Your goal. In full and without change, retype the records.

Saved entries:
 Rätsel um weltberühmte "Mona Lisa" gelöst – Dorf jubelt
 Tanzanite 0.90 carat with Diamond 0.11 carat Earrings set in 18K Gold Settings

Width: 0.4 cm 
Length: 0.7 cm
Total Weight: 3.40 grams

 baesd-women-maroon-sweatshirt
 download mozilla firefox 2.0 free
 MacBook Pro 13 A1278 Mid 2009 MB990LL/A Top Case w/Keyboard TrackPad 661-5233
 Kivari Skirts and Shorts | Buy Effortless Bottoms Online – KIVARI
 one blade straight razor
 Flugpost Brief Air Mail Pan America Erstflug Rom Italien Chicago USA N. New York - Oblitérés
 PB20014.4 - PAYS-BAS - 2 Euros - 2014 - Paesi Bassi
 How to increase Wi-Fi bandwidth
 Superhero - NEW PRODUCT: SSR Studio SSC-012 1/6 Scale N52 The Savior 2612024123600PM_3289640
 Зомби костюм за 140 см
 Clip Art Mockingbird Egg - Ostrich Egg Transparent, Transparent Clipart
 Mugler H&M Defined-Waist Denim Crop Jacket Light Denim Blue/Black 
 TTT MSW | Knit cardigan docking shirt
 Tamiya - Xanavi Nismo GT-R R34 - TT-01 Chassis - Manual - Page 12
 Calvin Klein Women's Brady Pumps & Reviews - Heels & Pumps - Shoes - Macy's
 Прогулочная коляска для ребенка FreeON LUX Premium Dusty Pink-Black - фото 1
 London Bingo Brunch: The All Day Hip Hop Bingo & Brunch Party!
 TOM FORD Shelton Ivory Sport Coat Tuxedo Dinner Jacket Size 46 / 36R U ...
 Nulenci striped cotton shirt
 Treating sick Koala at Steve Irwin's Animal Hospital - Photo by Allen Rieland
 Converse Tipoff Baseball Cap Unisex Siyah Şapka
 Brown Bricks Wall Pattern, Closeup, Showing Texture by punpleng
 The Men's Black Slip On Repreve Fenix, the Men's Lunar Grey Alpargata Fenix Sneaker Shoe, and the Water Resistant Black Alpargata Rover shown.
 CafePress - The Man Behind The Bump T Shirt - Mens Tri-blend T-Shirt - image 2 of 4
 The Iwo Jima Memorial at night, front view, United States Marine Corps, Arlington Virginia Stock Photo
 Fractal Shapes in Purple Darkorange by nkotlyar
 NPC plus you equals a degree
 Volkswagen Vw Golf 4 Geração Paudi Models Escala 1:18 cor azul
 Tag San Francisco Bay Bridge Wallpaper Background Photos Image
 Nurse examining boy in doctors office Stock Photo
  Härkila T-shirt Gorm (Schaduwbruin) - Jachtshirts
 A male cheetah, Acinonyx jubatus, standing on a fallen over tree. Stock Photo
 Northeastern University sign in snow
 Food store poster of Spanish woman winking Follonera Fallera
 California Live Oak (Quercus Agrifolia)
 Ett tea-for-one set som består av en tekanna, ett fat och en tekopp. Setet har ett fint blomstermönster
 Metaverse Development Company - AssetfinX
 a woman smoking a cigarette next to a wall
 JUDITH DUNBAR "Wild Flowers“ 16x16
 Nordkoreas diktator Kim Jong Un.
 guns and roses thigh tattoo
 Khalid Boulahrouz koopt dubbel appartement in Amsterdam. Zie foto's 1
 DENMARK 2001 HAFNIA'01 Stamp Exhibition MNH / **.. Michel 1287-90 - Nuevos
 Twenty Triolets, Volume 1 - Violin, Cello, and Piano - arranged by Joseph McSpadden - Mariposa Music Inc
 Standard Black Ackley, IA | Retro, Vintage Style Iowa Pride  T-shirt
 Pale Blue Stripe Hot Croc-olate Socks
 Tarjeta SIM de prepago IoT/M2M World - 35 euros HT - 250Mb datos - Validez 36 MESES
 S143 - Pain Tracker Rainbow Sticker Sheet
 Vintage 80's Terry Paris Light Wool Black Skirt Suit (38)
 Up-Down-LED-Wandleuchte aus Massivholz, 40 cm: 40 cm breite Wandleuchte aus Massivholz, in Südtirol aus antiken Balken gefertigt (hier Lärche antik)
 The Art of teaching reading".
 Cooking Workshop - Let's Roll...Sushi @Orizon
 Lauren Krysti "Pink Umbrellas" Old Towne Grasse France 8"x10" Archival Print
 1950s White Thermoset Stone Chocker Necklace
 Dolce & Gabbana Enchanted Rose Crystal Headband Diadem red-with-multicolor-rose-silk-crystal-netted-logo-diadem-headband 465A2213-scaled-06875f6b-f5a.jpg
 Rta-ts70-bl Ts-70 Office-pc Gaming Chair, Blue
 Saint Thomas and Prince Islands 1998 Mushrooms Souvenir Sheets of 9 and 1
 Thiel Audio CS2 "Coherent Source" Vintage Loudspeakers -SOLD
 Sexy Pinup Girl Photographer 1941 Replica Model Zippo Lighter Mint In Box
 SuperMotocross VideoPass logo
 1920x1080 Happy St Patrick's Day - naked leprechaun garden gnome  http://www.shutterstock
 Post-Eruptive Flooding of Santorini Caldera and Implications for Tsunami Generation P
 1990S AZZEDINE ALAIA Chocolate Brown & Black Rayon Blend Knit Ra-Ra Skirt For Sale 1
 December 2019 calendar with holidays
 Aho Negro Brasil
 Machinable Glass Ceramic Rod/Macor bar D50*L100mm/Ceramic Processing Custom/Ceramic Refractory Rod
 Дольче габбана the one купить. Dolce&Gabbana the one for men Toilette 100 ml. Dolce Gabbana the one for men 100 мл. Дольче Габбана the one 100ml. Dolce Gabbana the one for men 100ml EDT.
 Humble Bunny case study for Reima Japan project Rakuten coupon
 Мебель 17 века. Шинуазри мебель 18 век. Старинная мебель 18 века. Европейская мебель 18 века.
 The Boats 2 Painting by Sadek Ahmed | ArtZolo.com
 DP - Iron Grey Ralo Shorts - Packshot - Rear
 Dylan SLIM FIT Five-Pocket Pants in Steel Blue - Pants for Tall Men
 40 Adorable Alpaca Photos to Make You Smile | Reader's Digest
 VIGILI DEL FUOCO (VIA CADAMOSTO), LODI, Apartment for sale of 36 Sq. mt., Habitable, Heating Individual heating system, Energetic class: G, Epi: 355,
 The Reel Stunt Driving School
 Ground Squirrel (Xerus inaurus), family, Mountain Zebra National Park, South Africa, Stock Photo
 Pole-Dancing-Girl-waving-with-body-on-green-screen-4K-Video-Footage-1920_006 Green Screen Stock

Solution.
 Rätsel um weltberühmte "Mona Lisa" gelöst – Dorf jubelt
 Tanzanite 0.90 carat with Diamond 0.11 carat Earrings set in 18K Gold Settings

Width: 0.4 cm 
Length: 0.7 cm
Total Weight: 3.40 grams

 baesd-women-maroon-sweatshirt
 download mozilla firefox 2.0 free
 MacBook Pro 13 A1278 Mid 2009 MB990LL/A Top Case w/Keyboard TrackPad 661-5233
 Kivari Skirts and Shorts | Buy Effortless Bottoms Online – KIVARI
 one blade straight razor
 Flugpost Brief Air Mail Pan America Erstflug Rom Italien Chicago USA N. New York - Oblitérés
 PB20014.4 - PAYS-BAS - 2 Euros - 2014 - Paesi Bassi
 How to increase Wi-Fi bandwidth
 Superhero - NEW PRODUCT: SSR Studio SSC-012 1/6 Scale N52 The Savior 2612024123600PM_3289640
 Зомби костюм за 140 см
 Clip Art Mockingbird Egg - Ostrich Egg Transparent, Transparent Clipart
 Mugler H&M Defined-Waist Denim Crop Jacket Light Denim Blue/Black 
 TTT MSW | Knit cardigan docking shirt
 Tamiya - Xanavi Nismo GT-R R34 - TT-01 Chassis - Manual - Page 12
 Calvin Klein Women's Brady Pumps & Reviews - Heels & Pumps - Shoes - Macy's
 Прогулочная коляска для ребенка FreeON LUX Premium Dusty Pink-Black - фото 1
 London Bingo Brunch: The All Day Hip Hop Bingo & Brunch Party!
 TOM FORD Shelton Ivory Sport Coat Tuxedo Dinner Jacket Size 46 / 36R U ...
 Nulenci striped cotton shirt
 Treating sick Koala at Steve Irwin's Animal Hospital - Photo by Allen Rieland
 Converse Tipoff Baseball Cap Unisex Siyah Şapka
 Brown Bricks Wall Pattern, Closeup, Showing Texture by punpleng
 The Men's Black Slip On Repreve Fenix, the Men's Lunar Grey Alpargata Fenix Sneaker Shoe, and the Water Resistant Black Alpargata Rover shown.
 CafePress - The Man Behind The Bump T Shirt - Mens Tri-blend T-Shirt - image 2 of 4
 The Iwo Jima Memorial at night, front view, United States Marine Corps, Arlington Virginia Stock Photo
 Fractal Shapes in Purple Darkorange by nkotlyar
 NPC plus you equals a degree
 Volkswagen Vw Golf 4 Geração Paudi Models Escala 1:18 cor azul
 Tag San Francisco Bay Bridge Wallpaper Background Photos Image
 Nurse examining boy in doctors office Stock Photo
  Härkila T-shirt Gorm (Schaduwbruin) - Jachtshirts
 A male cheetah, Acinonyx jubatus, standing on a fallen over tree. Stock Photo
 Northeastern University sign in snow
 Food store poster of Spanish woman winking Follonera Fallera
 California Live Oak (Quercus Agrifolia)
 Ett tea-for-one set som består av en tekanna, ett fat och en tekopp. Setet har ett fint blomstermönster
 Metaverse Development Company - AssetfinX
 a woman smoking a cigarette next to a wall
 JUDITH DUNBAR "Wild Flowers“ 16x16
 Nordkoreas diktator Kim Jong Un.
 guns and roses thigh tattoo
 Khalid Boulahrouz koopt dubbel appartement in Amsterdam. Zie foto's 1
 DENMARK 2001 HAFNIA'01 Stamp Exhibition MNH / **.. Michel 1287-90 - Nuevos
 Twenty Triolets, Volume 1 - Violin, Cello, and Piano - arranged by Joseph McSpadden - Mariposa Music Inc
 Standard Black Ackley, IA | Retro, Vintage Style Iowa Pride  T-shirt
 Pale Blue Stripe Hot Croc-olate Socks
 Tarjeta SIM de prepago IoT/M2M World - 35 euros HT - 250Mb datos - Validez 36 MESES
 S143 - Pain Tracker Rainbow Sticker Sheet
 Vintage 80's Terry Paris Light Wool Black Skirt Suit (38)
 Up-Down-LED-Wandleuchte aus Massivholz, 40 cm: 40 cm breite Wandleuchte aus Massivholz, in Südtirol aus antiken Balken gefertigt (hier Lärche antik)
 The Art of teaching reading".
 Cooking Workshop - Let's Roll...Sushi @Orizon
 Lauren Krysti "Pink Umbrellas" Old Towne Grasse France 8"x10" Archival Print
 1950s White Thermoset Stone Chocker Necklace
 Dolce & Gabbana Enchanted Rose Crystal Headband Diadem red-with-multicolor-rose-silk-crystal-netted-logo-diadem-headband 465A2213-scaled-06875f6b-f5a.jpg
 Rta-ts70-bl Ts-70 Office-pc Gaming Chair, Blue
 Saint Thomas and Prince Islands 1998 Mushrooms Souvenir Sheets of 9 and 1
 Thiel Audio CS2 "Coherent Source" Vintage Loudspeakers -SOLD
 Sexy Pinup Girl Photographer 1941 Replica Model Zippo Lighter Mint In Box
 SuperMotocross VideoPass logo
 1920x1080 Happy St Patrick's Day - naked leprechaun garden gnome  http://www.shutterstock
 Post-Eruptive Flooding of Santorini Caldera and Implications for Tsunami Generation P
 1990S AZZEDINE ALAIA Chocolate Brown & Black Rayon Blend Knit Ra-Ra Skirt For Sale 1
 December 2019 calendar with holidays
 Aho Negro Brasil
 Machinable Glass Ceramic Rod/Macor bar D50*L100mm/Ceramic Processing Custom/Ceramic Refractory Rod
 Дольче габбана the one купить. Dolce&Gabbana the one for men Toilette 100 ml. Dolce Gabbana the one for men 100 мл. Дольче Габбана the one 100ml. Dolce Gabbana the one for men 100ml EDT.
 Humble Bunny case study for Reima Japan project Rakuten coupon
 Мебель 17 века. Шинуазри мебель 18 век. Старинная мебель 18 века. Европейская мебель 18 века.
 The Boats 2 Painting by Sadek Ahmed | ArtZolo.com
 DP - Iron Grey Ralo Shorts - Packshot - Rear
 Dylan SLIM FIT Five-Pocket Pants in Steel Blue - Pants for Tall Men
 40 Adorable Alpaca Photos to Make You Smile | Reader's Digest
 VIGILI DEL FUOCO (VIA CADAMOSTO), LODI, Apartment for sale of 36 Sq. mt., Habitable, Heating Individual heating system, Energetic class: G, Epi: 355,
 The Reel Stunt Driving School
 Ground Squirrel (Xerus inaurus), family, Mountain Zebra National Park, South Africa, Stock Photo
 Pole-Dancing-Girl-waving-with-body-on-green-screen-4K-Video-Footage-1920_006 Green Screen Stock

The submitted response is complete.